Social Networks as Public Health Treasure Troves
Here’s a bit of a recent thread on QuitNet, an online social forum to help people quit smoking, tagged “Can’t STOP the Tears:”
Gidget74: “I am crying a lot for no reason. I just think of it as another way for my body to purge the nicotine.”
divinem: “I shed an ocean of tears during my first year. Let them wash away the pain deep inside. Quitting takes us to new heights – and depths”
lynnTheSurvivor: “Thank you ALL so much J! Feeling better today J”
kickthehabit101: “Glad you are better…one thing about getting so far down…the only way to go st up!”
lynnTheSurvivor: “I think the world of you! Thanks hunny!”
That conversation may look like a run-of-the-mill online chat to you, but to Professor Damon Centola, a researcher at MIT’s Sloan School of Management, it is a new kind of laboratory — and an example of a potential goldmine of information on how to help people live healthier lives.
“Online health environments may provide a brand new opportunity for research on the social determinants of health,” he said.
Centola published a paper in the American Heart Association’s journal Circulation last month on how Facebook, Twitter and specialized social networks like QuitNet form a new frontier for researching health behavior. He analyzed the results of several studies examining the link between online influence and health behaviors, which suggest successes in behaviors like smoking cessation, exercise and medication compliance can be shaped by interactions over web-based social platforms.
It’s no shocker that social networks can influence behavior — everything from succeeding at Weight Watchers, for instance, to actually getting a mammogram after years of delays and canceled appointments. What Centola is fired up about is the idea that online social forums are treasure troves for gleaning real-time behavioral data, the gold nuggets needed for realizing the gold standard approach to scientific research, the randomized control trial. “Large scale public health theories typically cannot be tested experimentally,” he says.
To do that, researchers would have to compare the outcomes of social interventions on entirepopulations; a daunting task.
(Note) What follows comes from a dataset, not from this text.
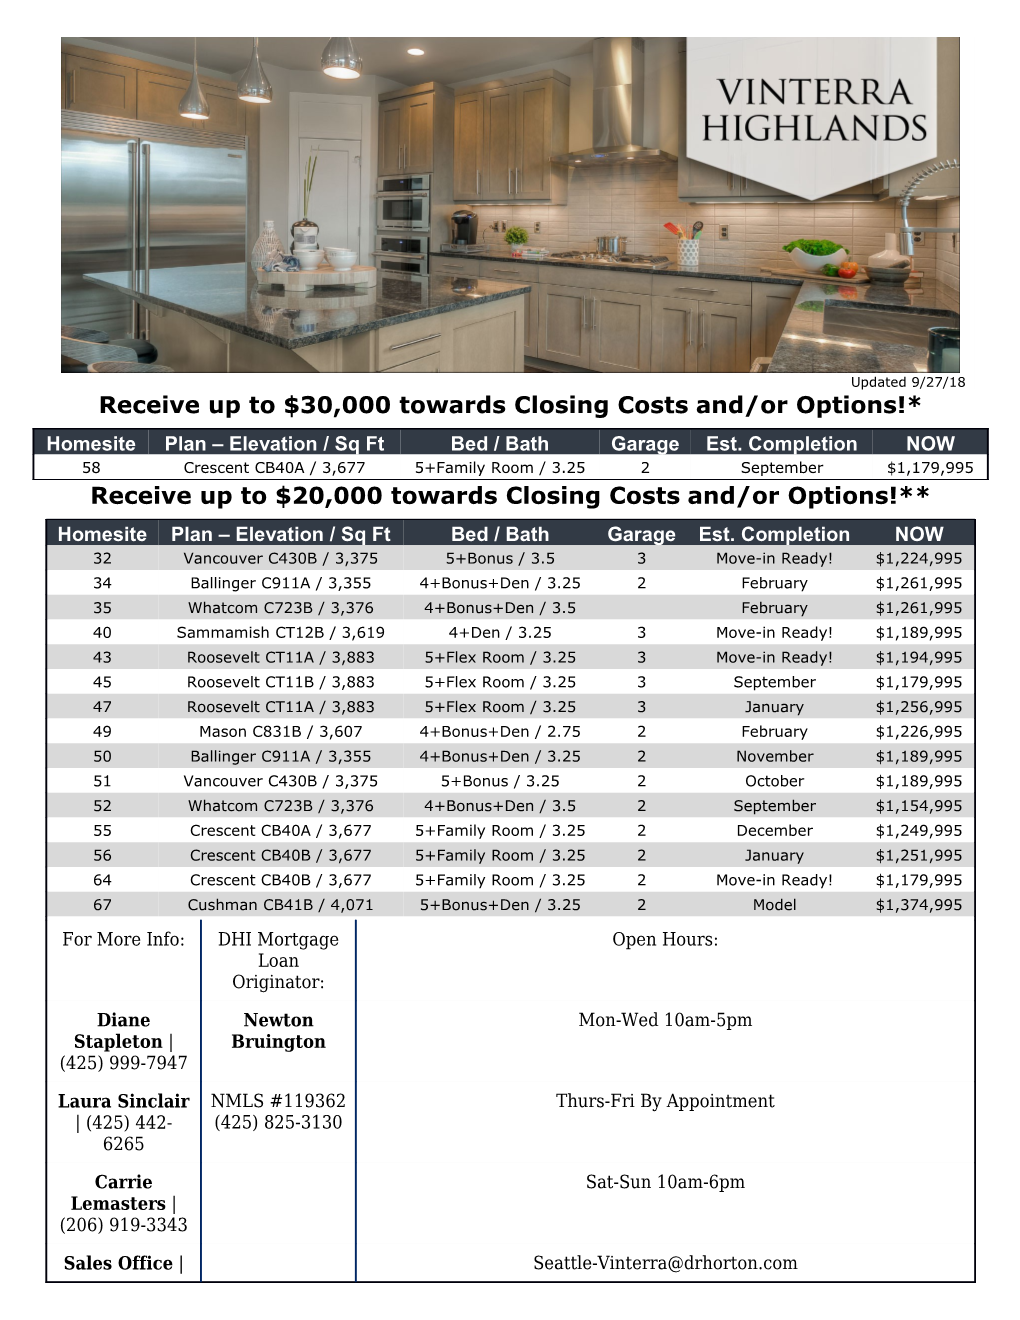 Receive up to $30,000 Towards Closing Costsand/Or Options!*

Randomized control trials have traditionally been almost exclusively the domain of physical scientists. Social scientists studying behavior, like Centola, have been stuck with the murkier method of the observational study. Though they produce important associative pictures, like howtelevision habits of 20 plus hours a week are linked to significantly shriveled sperm counts, observational studies can leave causal considerations shrouded in mystery.
Ambiguous results often mean unclear policy recommendations coming from behavioral scientists, but Centola says that his method could change all of that He says the potential to use social media for the basis of such experiments is vast because, “hundreds of thousands, or in some cases, millions of people are participating in these online communities, making these sites active domains of public health.”
Is the idea that what happens on Facebook stays on Facebook really the case these days? Centola suggests that some researchers consider the digital universe to be an entirely separate space from the “real world” where you actually have to interact with people face to face. “Online and offline behaviors are two different worlds of research right now,” he says. “The suggestion [in this study] is that these are all interacting problems.”
Centola argues that these online networks are not mere proxies of what happens in real-life, but they are actually interactive spaces embedded in the real-life, modern experience. “My goal is to connect these online health interactions with real offline health outcomes, such as changes in medication, blood pressure, and obesity,” he says.
But what about my grandma who has never even touched a computer, never mind tweeting about, say, osteoporosis prevention? There remain vast segments of the population who don’t access online interactive spaces. Centola appreciates the problem of the “Digital Divide.”
“With the excitement over the Internet and a number of sources of big data, even in observational data, the representativeness of the population can get lost,” he says.
Centola explains that his online methods for data collection do not eclipse the standard practices of social science research. Rather, he says, his methods should be considered complimentary to other modes of data-gathering.
So what does the future hold for using online networks to analyze health behavior? Centola thinks his method holds a lot of promise for the future of public health intervention design, but the implications are only now beginning to be explored. “[The study is] meant to be thought provoking in terms of what the potential is in doing massive, significant research online on changes in health behavior.”